"No, he isn't," I confessed, "but he'll be back in about fifteen minutes. If you'd care to wait--"
"That's all I wan'ed t'know," he said, his nose twitching like the nose of an Easter bunny Hellwig had given me when I was ten years old.
"Gimme yer money," he said, standing directly in front of the desk and staring at me with terrified, pink-rimmed eyes.

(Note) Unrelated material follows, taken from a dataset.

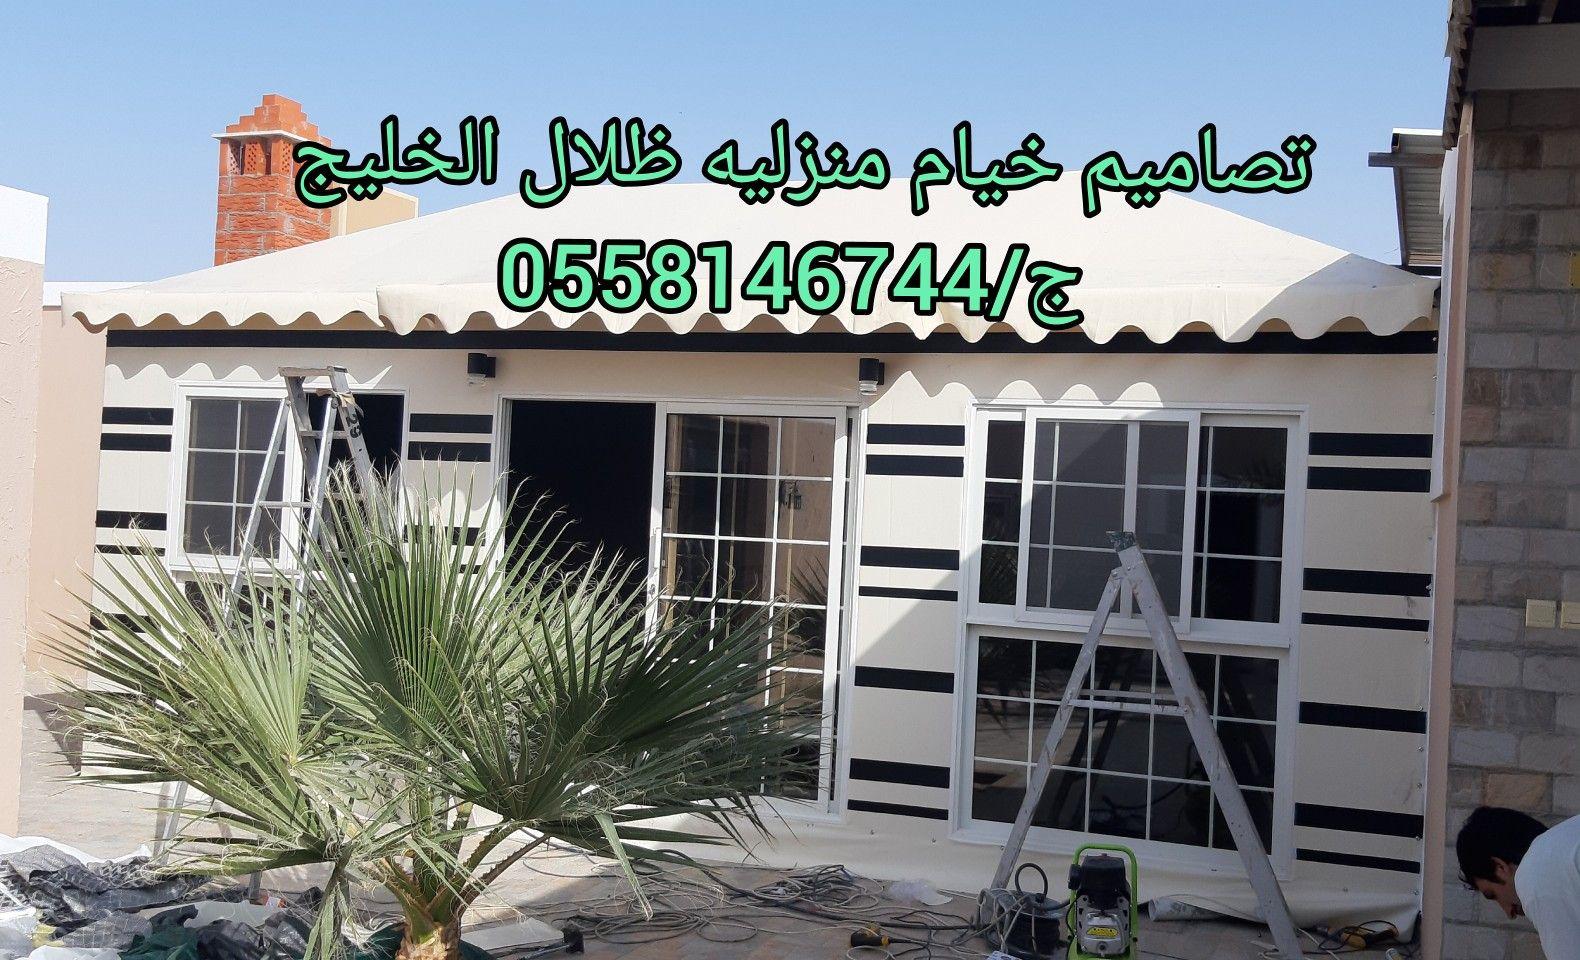 تلبيس صيانه خيام بيوت شعر من الداخل الرياض In 2020 Building Outdoor Decor Outdoor

"My--my money?" I repeated.
And now I was the one who sounded like a frightened child.
There was a hundred and fifty dollars in the house, about sixty of it in the desk drawer--too much money to be bluffed into handing over to a--
And then I saw his gun.
He held it in one trembling white hand.
My mind was suddenly a maelstrom, offering up weird, useless suggestions for tricking or attacking the man, reasons why I should or shouldn't hand over every cent quietly, and churning with totally unrelated thoughts and ideas--with a bit of a review of my past life thrown in for good measure.
I wouldn't give him the money. I'd pretend not to understand and he'd get exasperated and go away, to come again some other day, that was that old nursery rhyme I used to sing or something. The telephone, that was it, the telephone, if I could get to the telephone I could call the police and then stall him till they got here. I'd say excuse me, I have to make a phone call, and then ... His eyes. The rims are red, like he'd been crying, or rubbing them, or hadn't had enough sleep. They're funny eyes--scared to death. I'm scared to death too. Maybe I should give him the money. When people are scared and upset they're apt to pull the trigger. Maybe I should do what he wants. After all, it wasn't the brave-looking tortoise who finally won the race, it was the hare, even if he did look pretty rabbity and scared. He had a gun, after all, and who wouldn't win a race if he was carrying a gun? Or wait--wasn't it the tortoise who won? While I was trying to figure this out I saw far below me, as though through a mist of clouds, a pair of hands stuffed with money.